» Directions for this task
Below are the records; give again exactly the lines from the one containing "cropped-guz-logo-final.png" through the one containing "3.png Download free", leaving out pictures.

» Records for this exercise
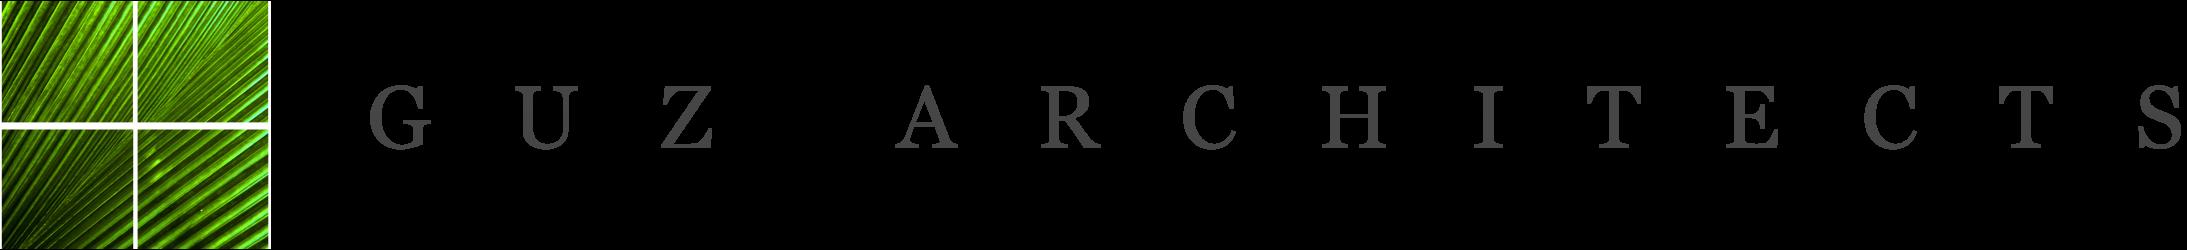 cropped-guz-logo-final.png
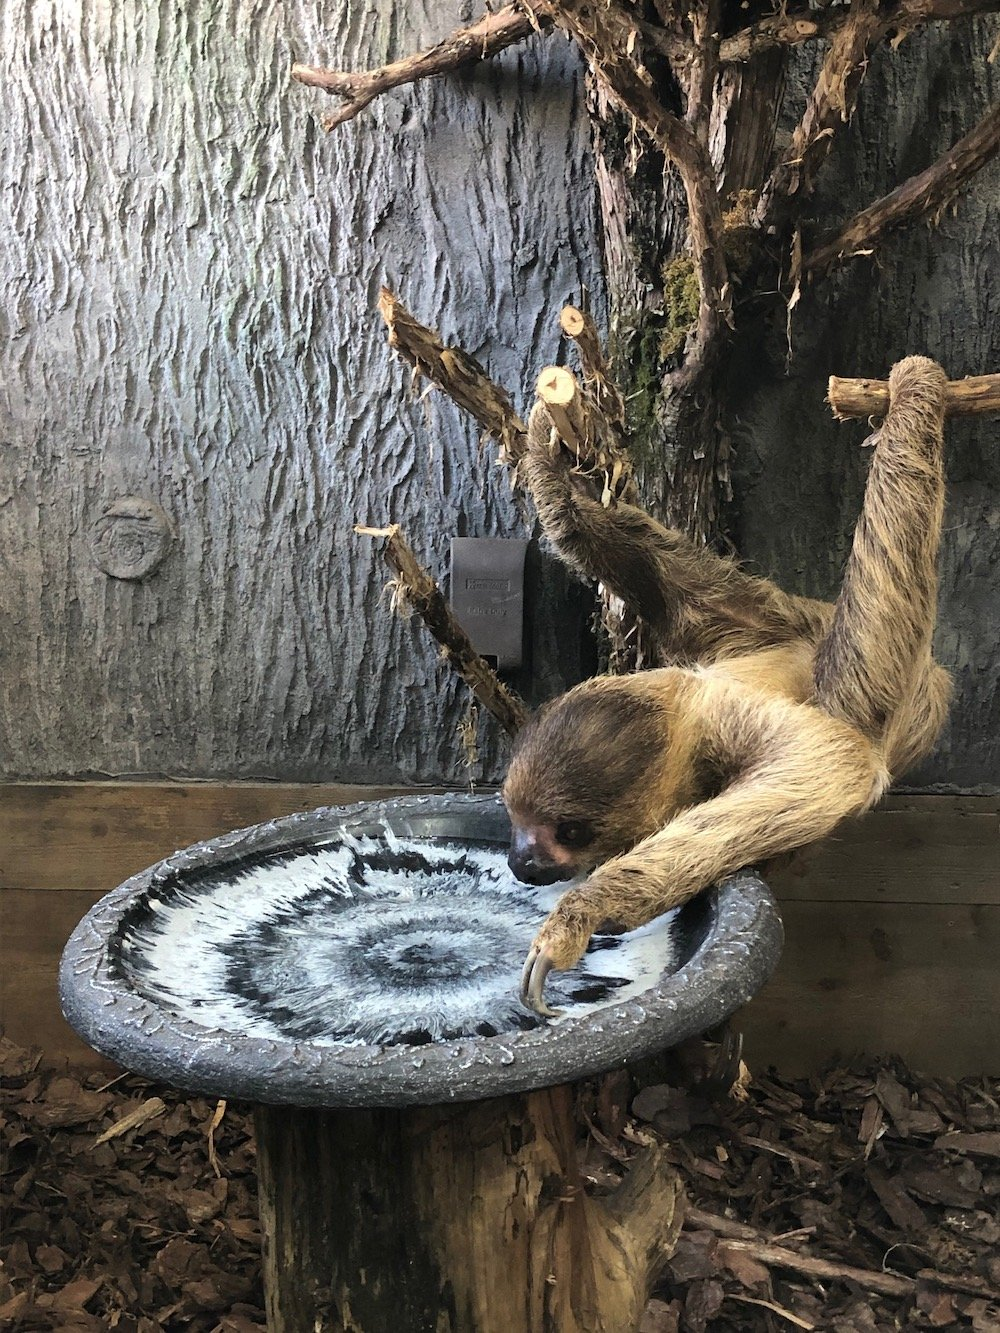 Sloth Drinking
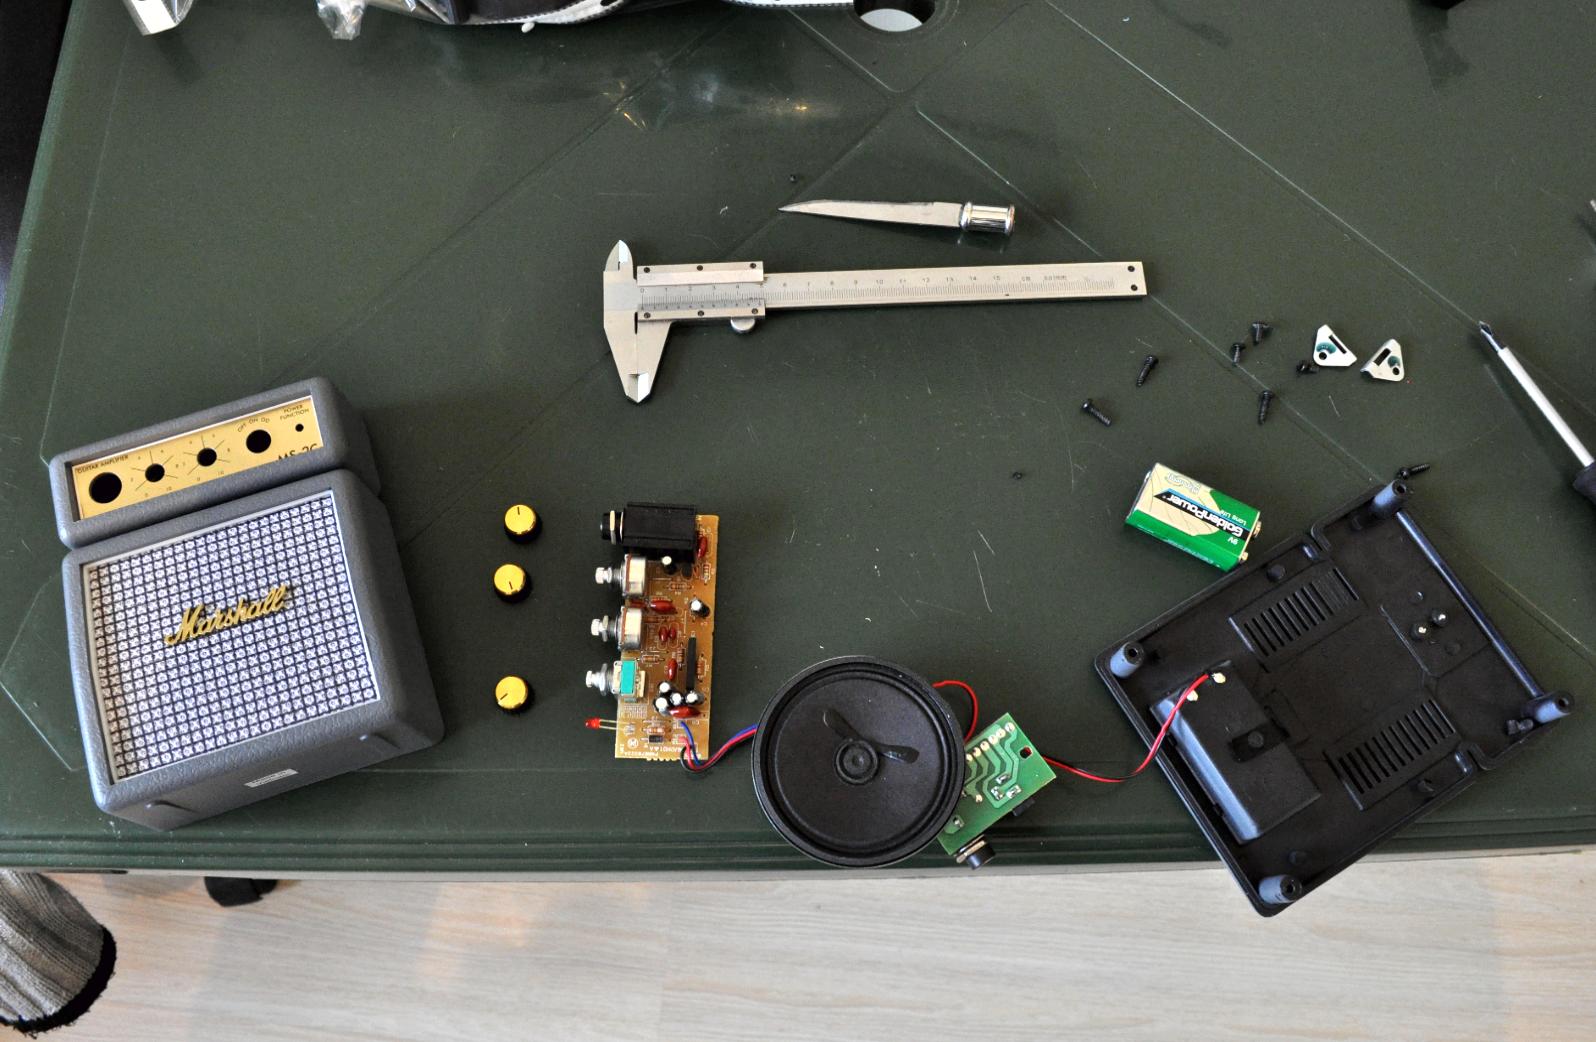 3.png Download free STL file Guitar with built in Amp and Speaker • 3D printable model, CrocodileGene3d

* * *

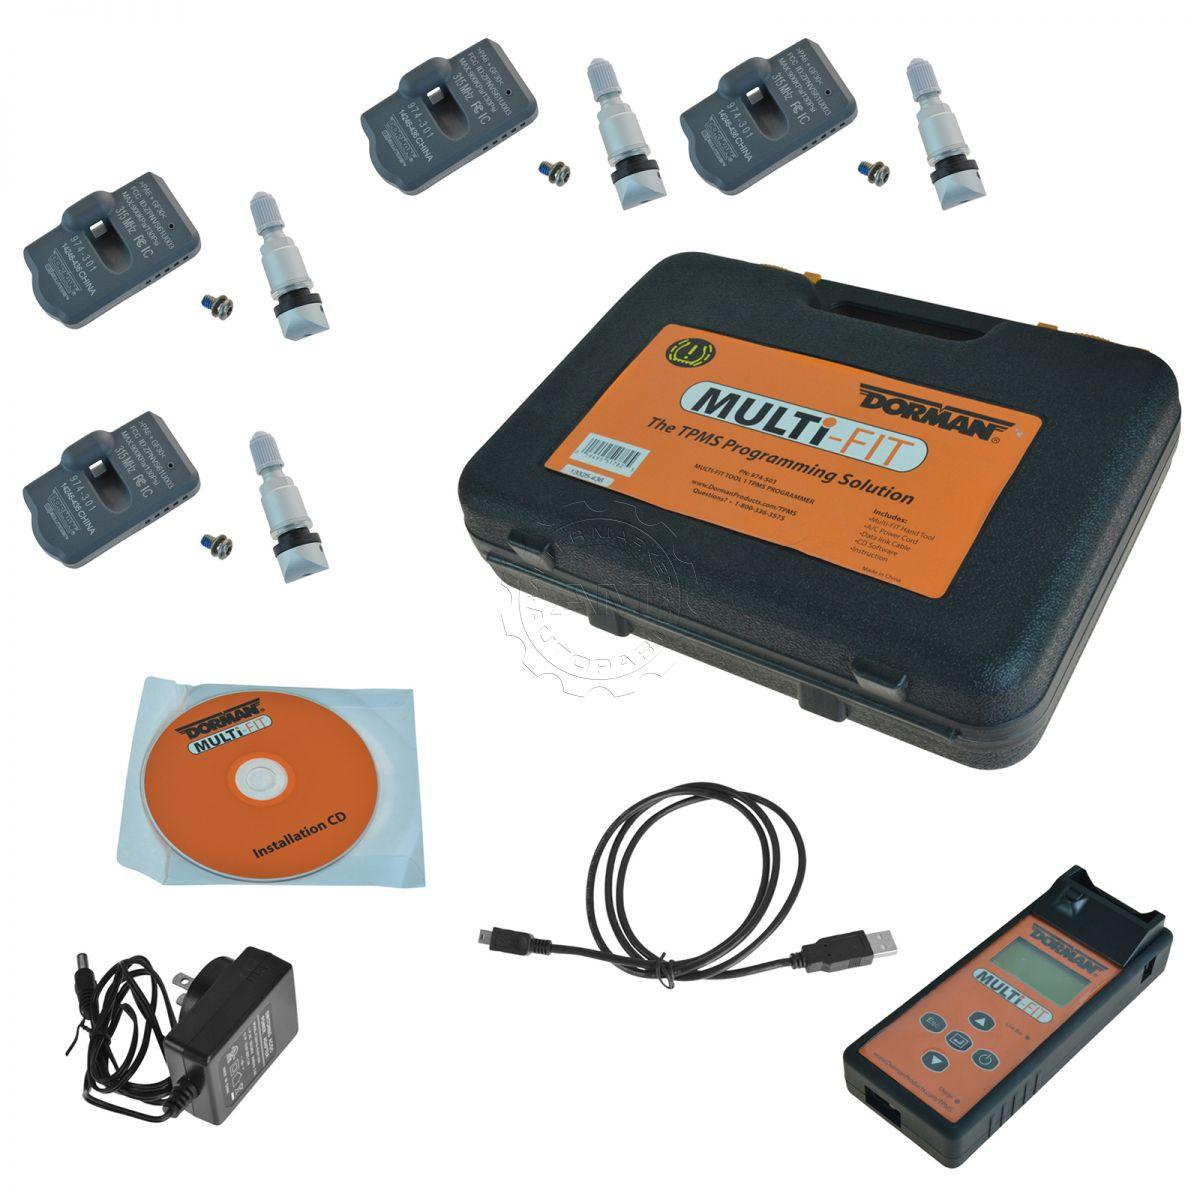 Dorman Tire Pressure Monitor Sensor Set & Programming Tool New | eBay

» Output
 cropped-guz-logo-final.png
 Sloth Drinking
 3.png Download free STL file Guitar with built in Amp and Speaker • 3D printable model, CrocodileGene3d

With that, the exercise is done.